WORK REQUEST
Everything from the line with "Krzesło Linar Plus" to the last line of the listing must be retyped exactly, both ends included, with the pictures dropped.

DATA SECTION

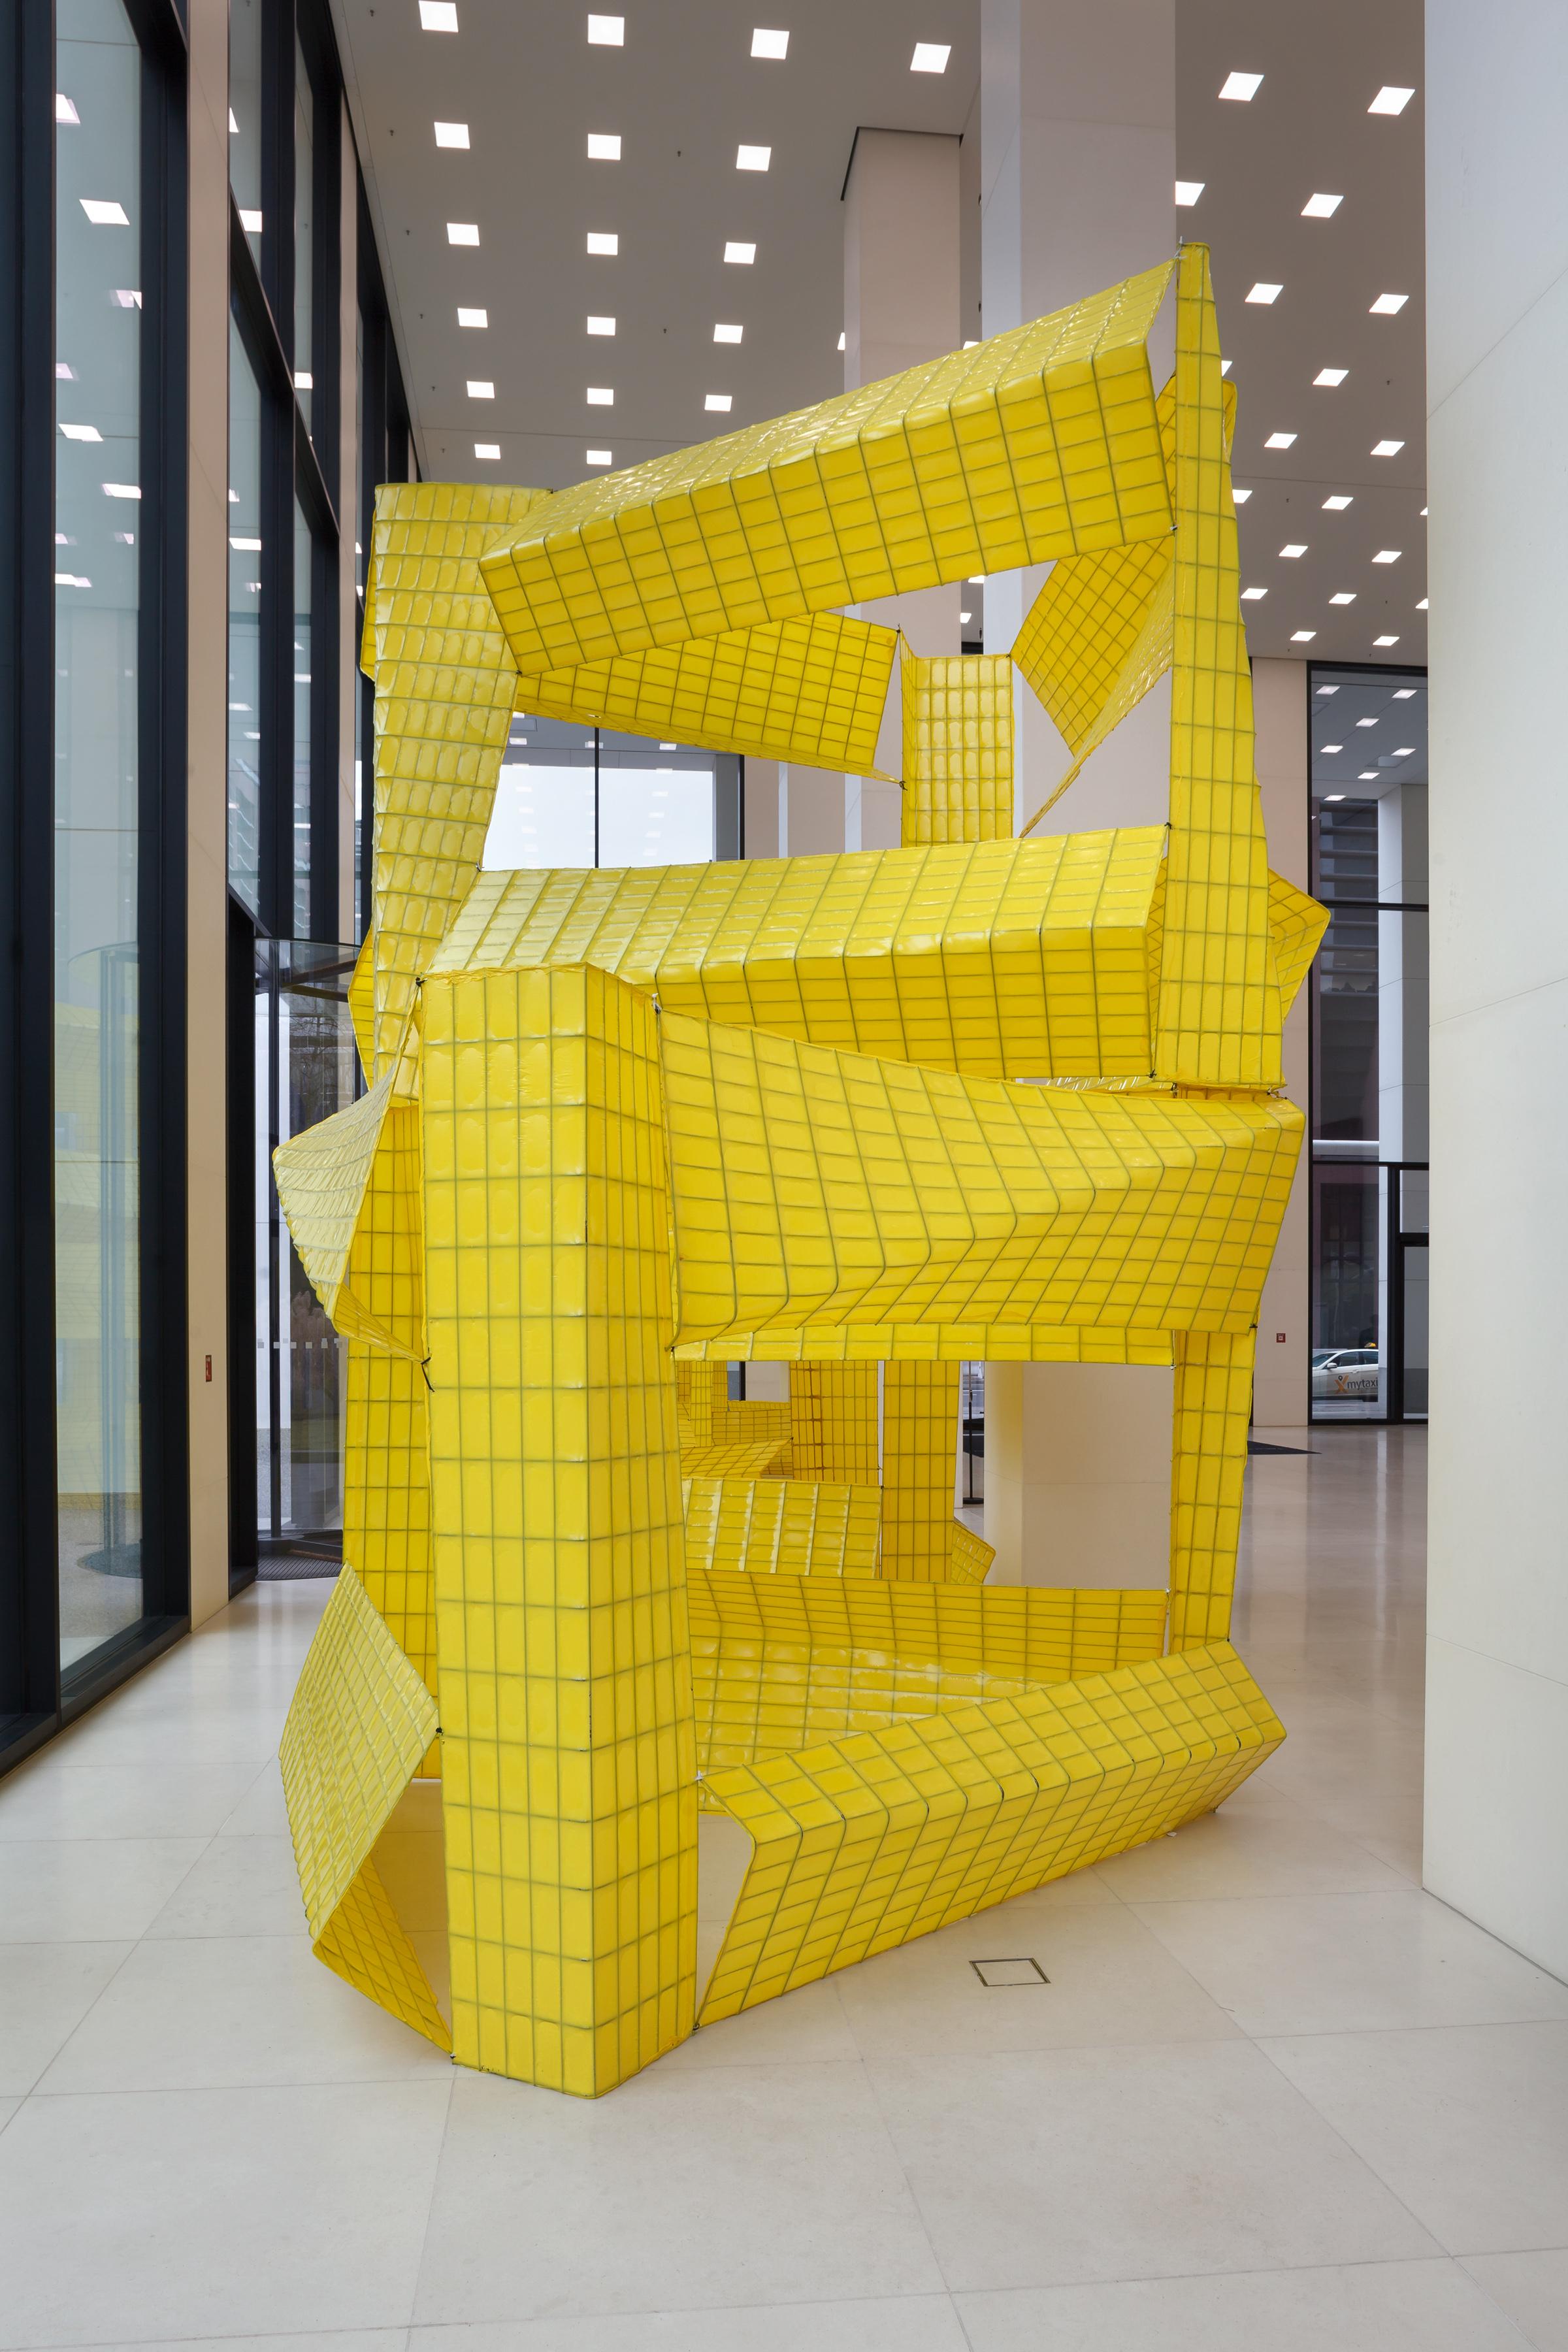 Ausstellungsansicht/exhibition view MMK Museum für Moderne Kunst Frankfurt am Main, Courtesy Michael Beutler, Foto/photo: Axel Schneider
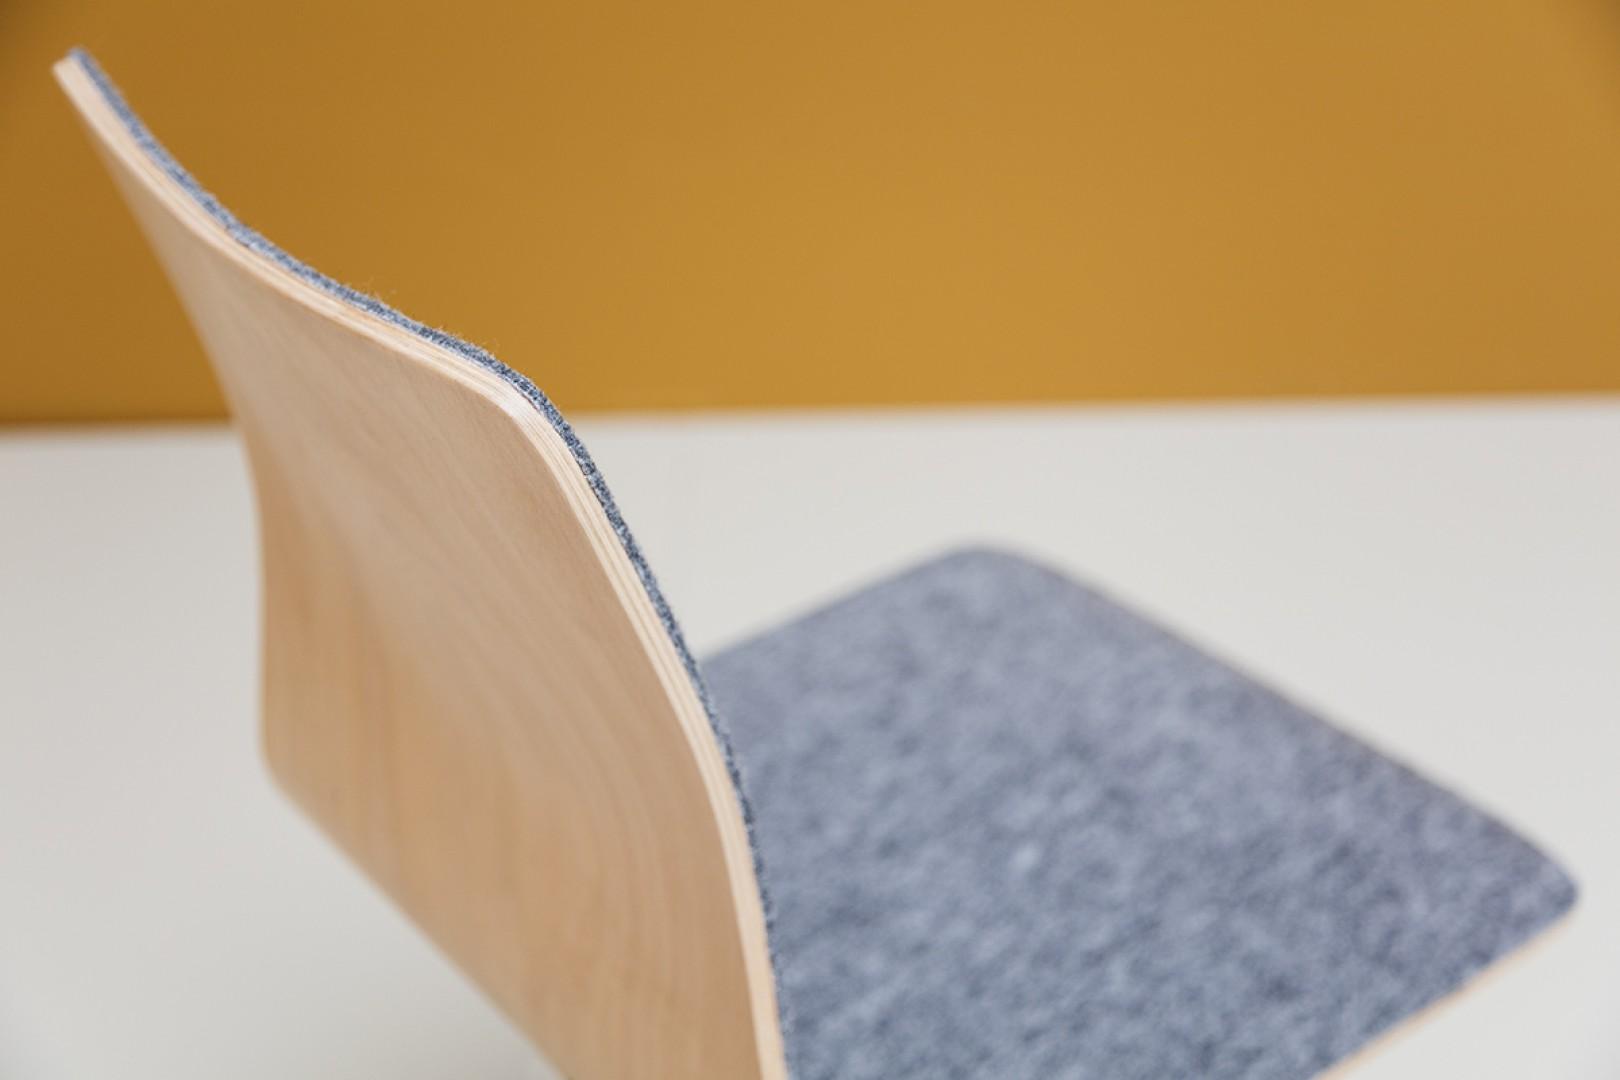 Krzesło Linar Plus firmy Noti z nowym filcowym wykończeniem. Projekt: Piotr Kuchciński. Fot. Noti
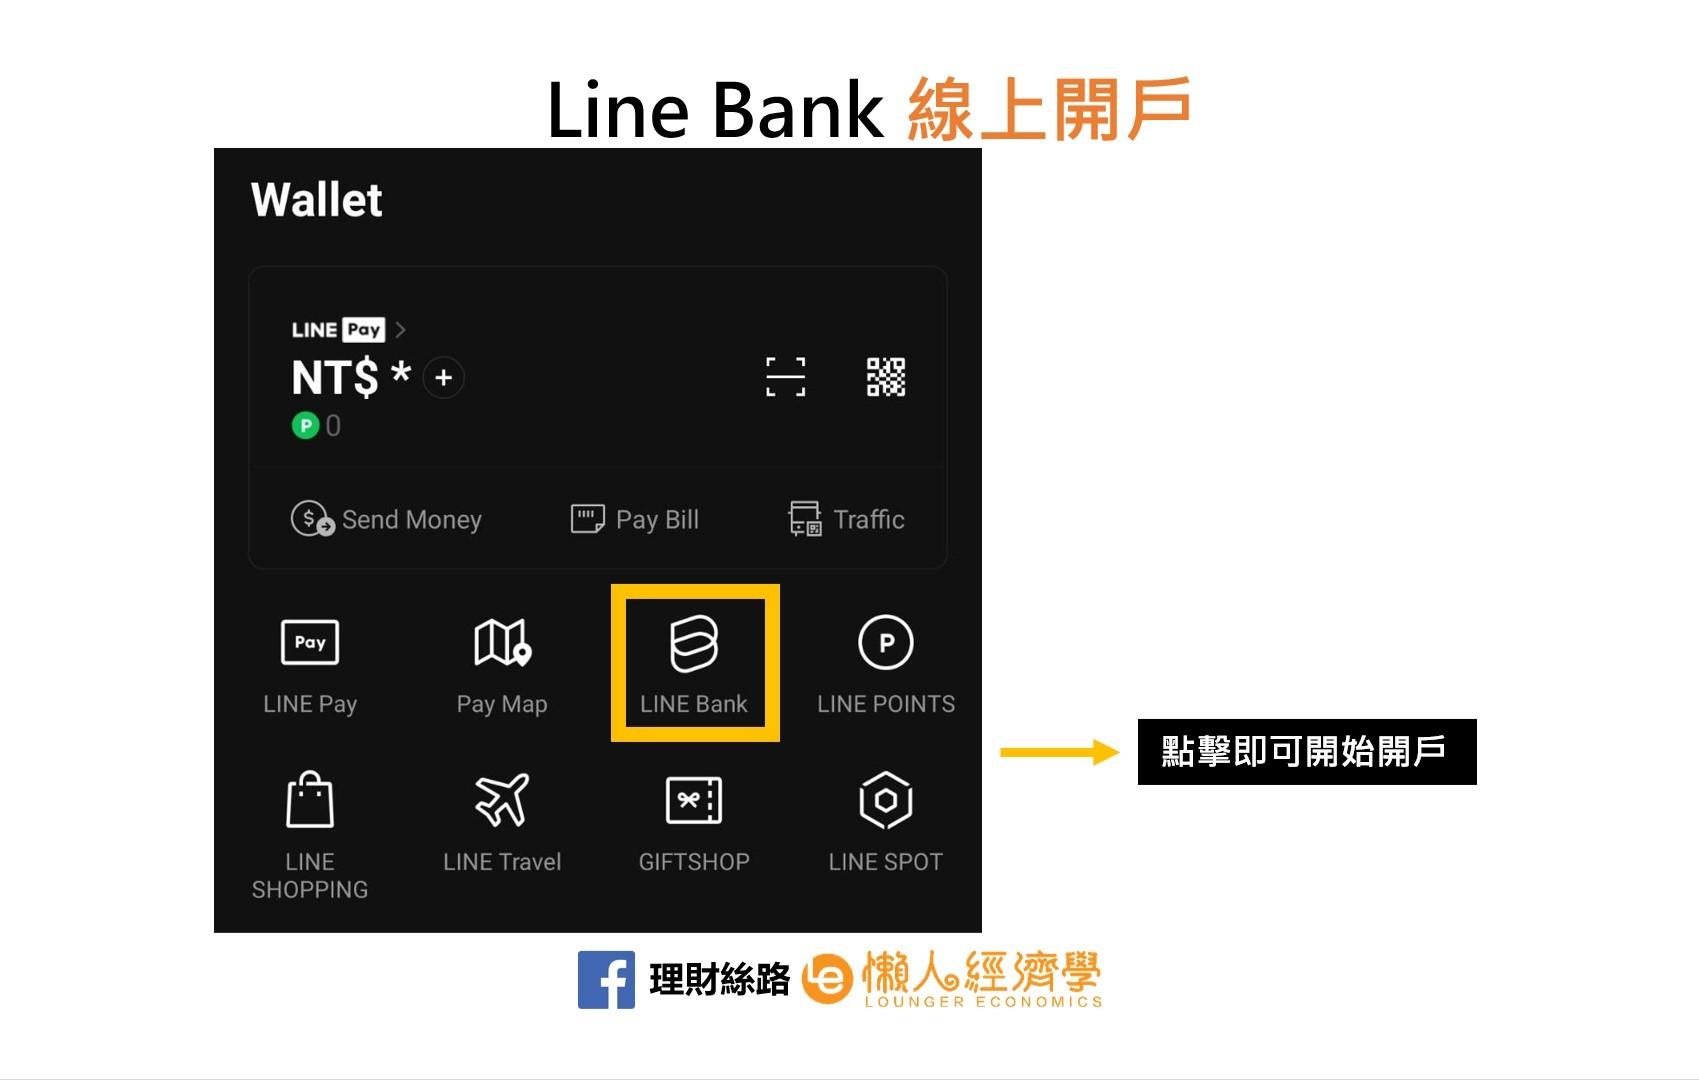 Line Bank 電子錢包

SOLUTION TO THIS EXERCISE
 Krzesło Linar Plus firmy Noti z nowym filcowym wykończeniem. Projekt: Piotr Kuchciński. Fot. Noti
 Line Bank 電子錢包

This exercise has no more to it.